Sky Sports 3, 7.30pm

Wigan will be looking for a win at home to Bradford as they aim to ease lingering relegation fears.

MEGASTRUCTURES

National Geographic, 8pm

The Tau Tona gold mine, in South Africa, is among the world’s deepest. Miners work some three miles beneath the earth’s surface. This programme looks at this excavated behemoth.

WHICKER’S WAR

History Channel, 9pm

By a stroke of good fortune, Alan Whicker’s time in uniform as a teenager was spent as he would spend so much of his later professional life, travelling through foreign lands with a film crew in tow. There, though, the similarities ended: his army film unit followed hot on the heels of the frontline troops, and they saw sights the globetrotting journalist would have found impossible to shoehorn into one of his dry travelogues, such as coming across the strung-up corpse of Benito Mussolini. He retraces his steps and looks back on these times, footage of his recent journey contrasting with that taken more than 60 years ago.

LEGENDS OF JAZZ

Artsworld, 9pm

This will be the jazz slot for the next month on Artsworld. The first profile is of Louis Armstrong, the New Orleans trumpeter who turned jazz from a regionally popular dance music into an art.

PLANET ROCK PROFILES

Performance, 9.30pm

This usually enjoyable series returns with an out-of-date portrait of Snow Patrol from 2004, charting their journey from workmanlike indie to corporate Coldplay facsimile.

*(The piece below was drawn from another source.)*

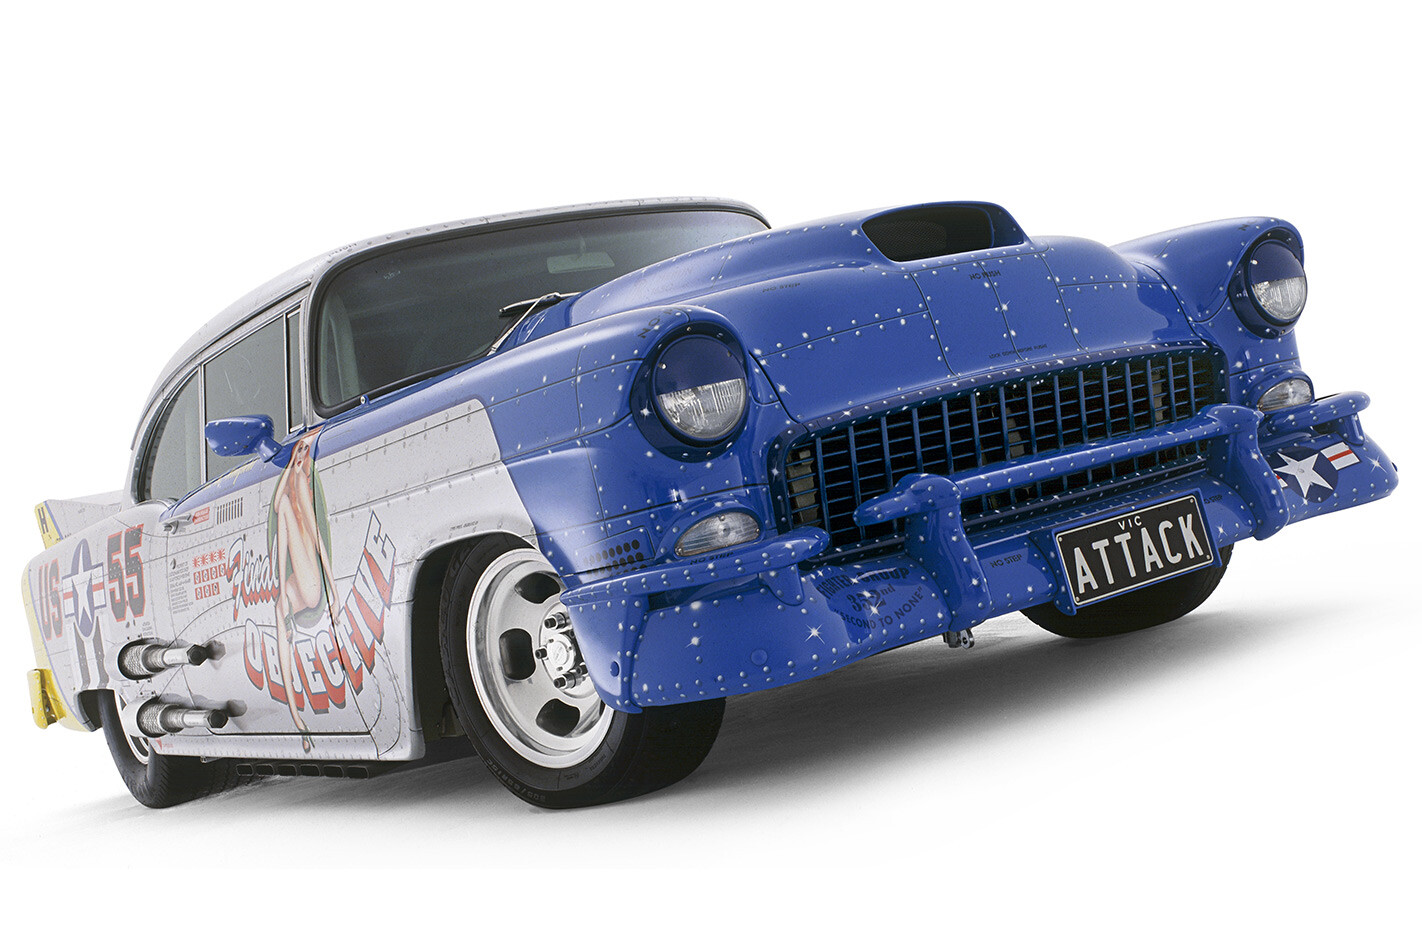 1955 Chevrolet Massive Attack front

It features the bass player Mark McClelland, who left the band under a cloud shortly afterwards, and no mention is made of Iain Archer, the guitarist and songwriter who won an Ivor Novello Award for his work on their first hit album.

CSI: MIAMI

Living TV, 10pm

The clock is ticking in several senses as the third season of the Florida branch of the TV franchise reaches its climax. A dirty bomb is about to go off somewhere in Miami, and Horatio Caine (David Caruso) has found what appear to be the bloody fingerprints of his dead brother, Ray, during his investigation into the murder of the suspected bomb-maker. There are shocks a-plenty in this dark and elegant finale.